**EXERCISE AIM**
In the material below, the required lines run from the one containing "Фотографии выставочного зала" through the one containing "Jim Jim Falls and Twin Falls". Copy those lines exactly, ends included, and nothing else.

**ENTRIES SUPPLIED**
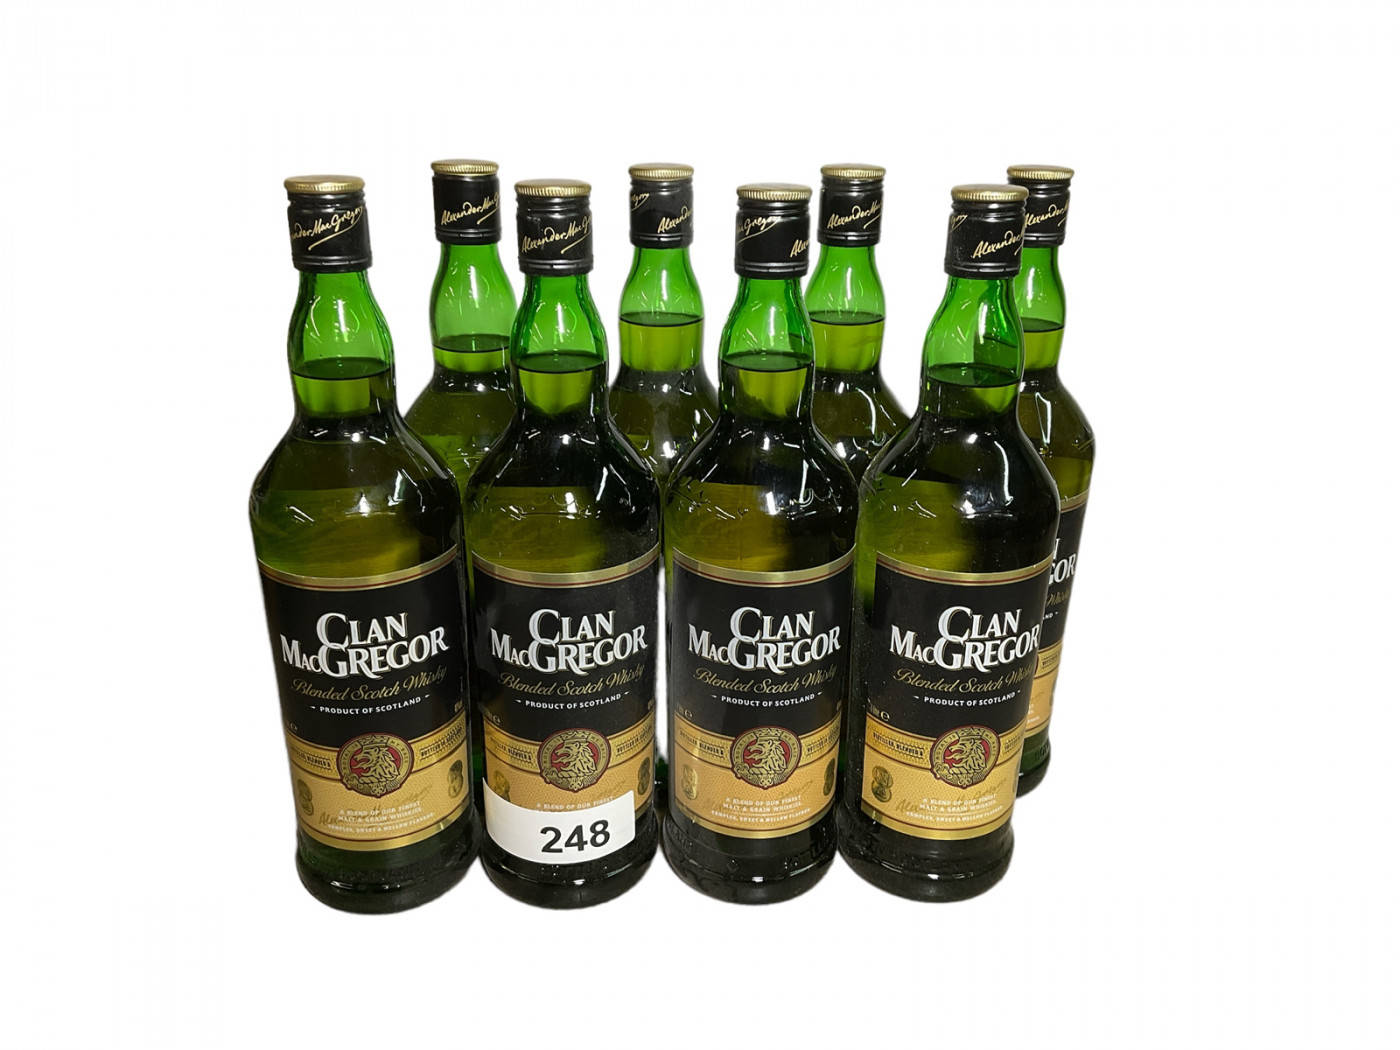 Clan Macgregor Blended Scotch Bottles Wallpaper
--
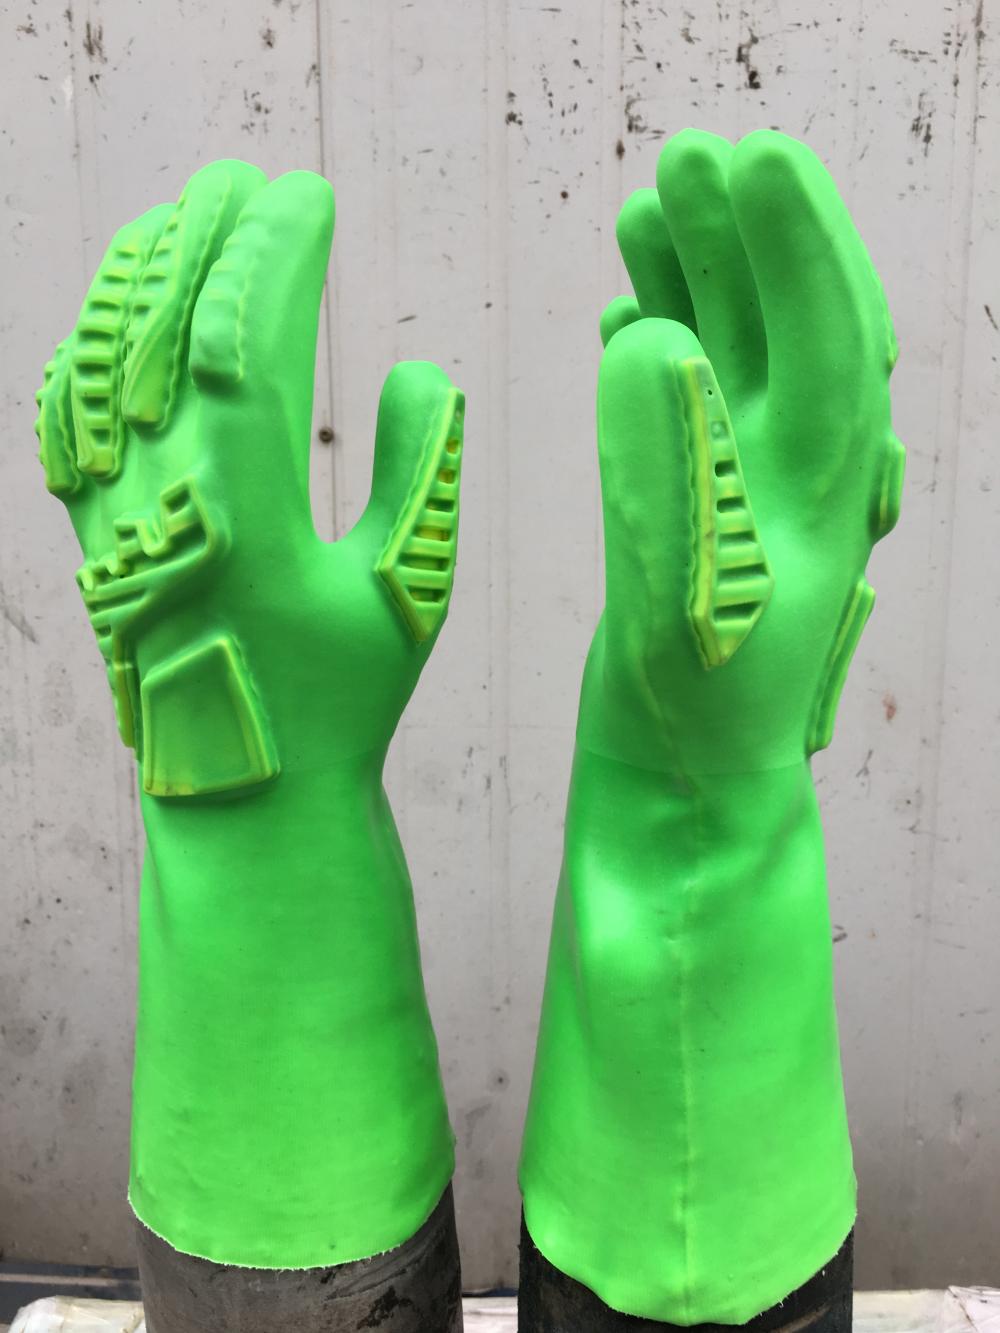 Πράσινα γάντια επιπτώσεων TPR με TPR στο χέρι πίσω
---
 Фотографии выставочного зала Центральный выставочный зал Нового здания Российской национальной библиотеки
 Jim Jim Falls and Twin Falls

**SOLUTION TO THIS PROBLEM**
 Фотографии выставочного зала Центральный выставочный зал Нового здания Российской национальной библиотеки
 Jim Jim Falls and Twin Falls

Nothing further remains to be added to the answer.